I’ve been looking at the printer laying down the ink, and it’s really the last ink that is too thickly applied. The first passes are very smooth and but the last pass puts a heavy black ink on the other inks. Which ink is this? The Matte Black? I did another experiment with the Custom Paper setting, and especially the drying time. 1 sec was slightly better, but I noticed a big improvement with 3 sec. I’m now trying to print with Maverick again (since 10.6.8 didn’t seem to be a great improvement), with 5 seconds drying time between each pass. This is something I did with the Epson driver; I don’t remember how much I was doing and it wasn’t as long as 5 sec, but it helped a lot. Will post results.

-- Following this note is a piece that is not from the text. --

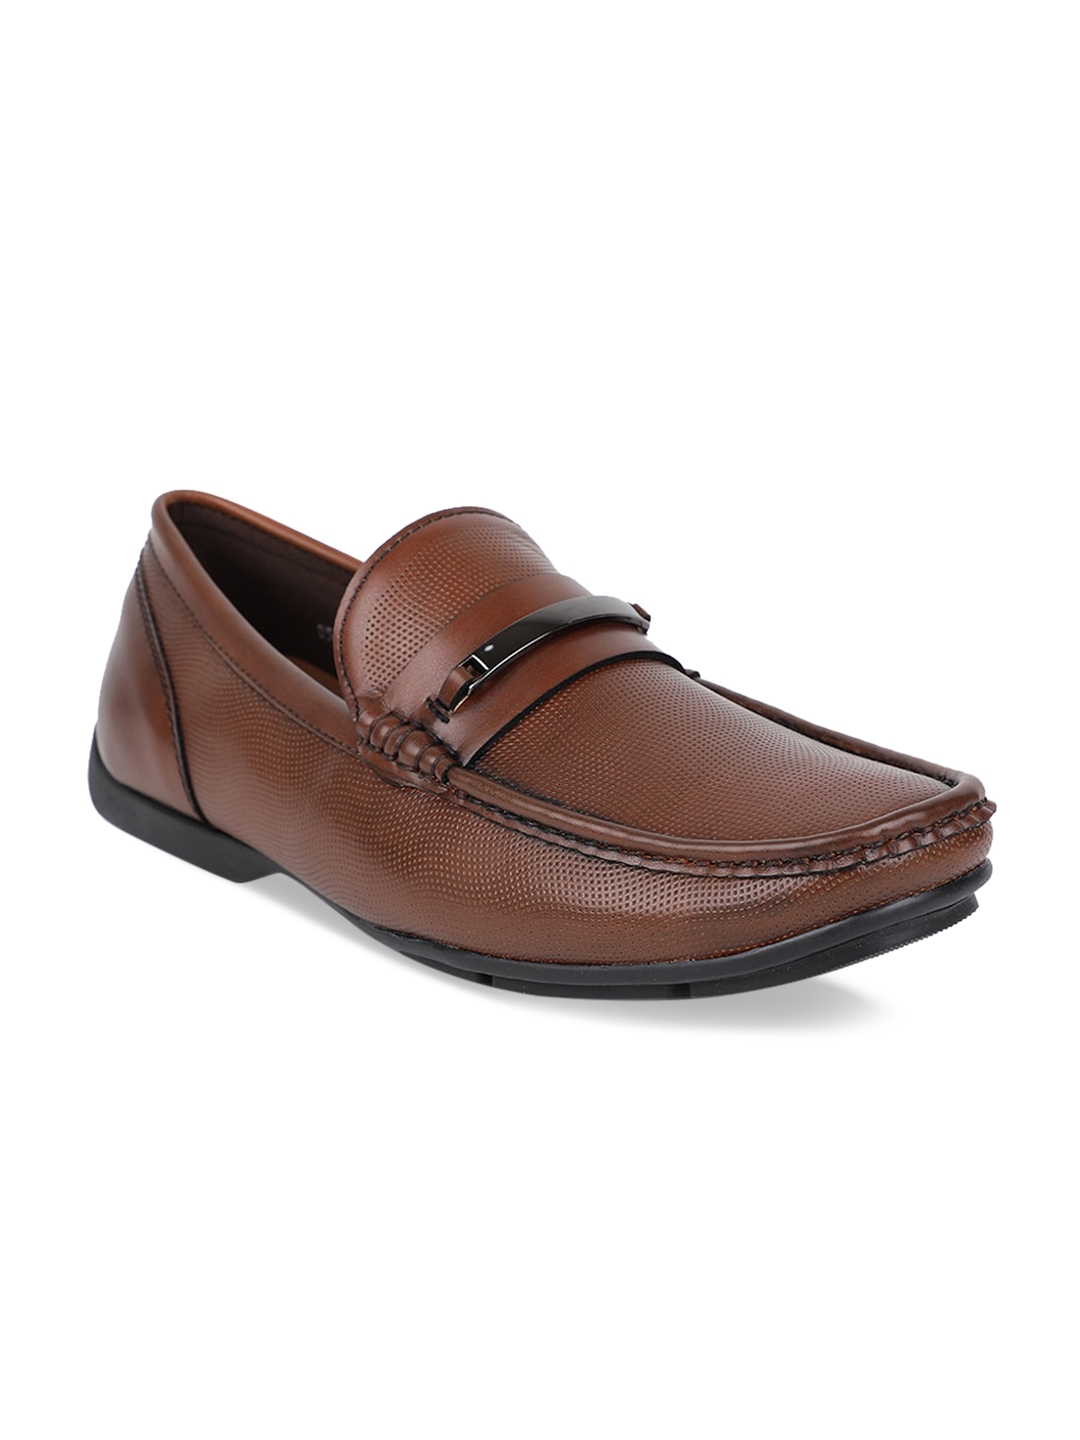 Buy Bata Men Brown Solid Formal Loafers - Formal Shoes for Men 12420716 ...

You don’t print from Photoshop in Windows.

QTR is a standalone and you open a TIF file and lay it out in the window and select your curve and print. It’s the purest form of QTR. You are doing this to see if the film is printed normal in Win 7. Just a test. If it does then you use it for now and have something to look forward to.

No black ink should be printing at all if you are setup correctly. Look at the curve you are using in QTR-CurveView.

Jon, I’ve just made some immense progress… no more puddling and dark lines! And in Maverick… This is the 1.7 curve; I figured I’d try it since you liked it for pt/pd. I created a custom paper profile with 5 seconds drying time between each pass. All the steps of the step tablet are smooth and distinctive, which was not the case before. See for yourself:

https://dl.dropboxusercontent.com/u/94791000/img005.jpg

I have the following questions, though:

  1. although I have a decent negative, do you think the ink percentage is correct?

  2. Please look at the bottom left of the step tablet; the ink smears a bit on the white, and the numbers are not very sharp. What do you think this? I ran an auto nozzle check earlier today and it printed the chess grids patterns; they were slightly off. Is there a way to align the print heads with the pictorico?

Thank you…

Gilles

the ink looks correct but it looks blurry to me. it should be crisp on Pictorico.
Pictorico is about as thick as Epson premium glossy - so perform the alignment on it. Alignment is based upon height of the medium.

I’ve just finished installing QTR GUI and the Epson 3880 on my daughter’s old laptop, which runs windows 7. Good thing I didn’t give it away. It is so painfully slow, there is no one I dislike enough to give such a poisonous gift. And now it’s doing a better job than my state of the art macbook pro…! I just ran a print, and it lays a lot less ink from looking at it printing. And no puddling… a couple of faint black lines and still some blurriness. I only have 8x10 glossy on hand so I will run to the store tomorrow to get a pack of letter size and run the printer alignment head. Hopefully this will do it… Thank you for all your help today Jon, especially on a weekend, I really appreciate it… I will report tomorrow once I have done a alignment. Best wishes, Gilles

Fantastic!
We will deal with 10.8 and 10.9 in 2014. One way or the other…
Have a merry!

Hi Jon,

Any update on the printing dark problem on 3800 / 3880 with certain versions of MacOS - specifically 10.8? (using QTR Print, of course).

We’re busy testing, and although the results are VERY strange, we hope to have information/answers soon! We appreciate feedback from others having this issue to gather as many details as possible, and patience while we trouble shoot and get to the bottom of this strange problem.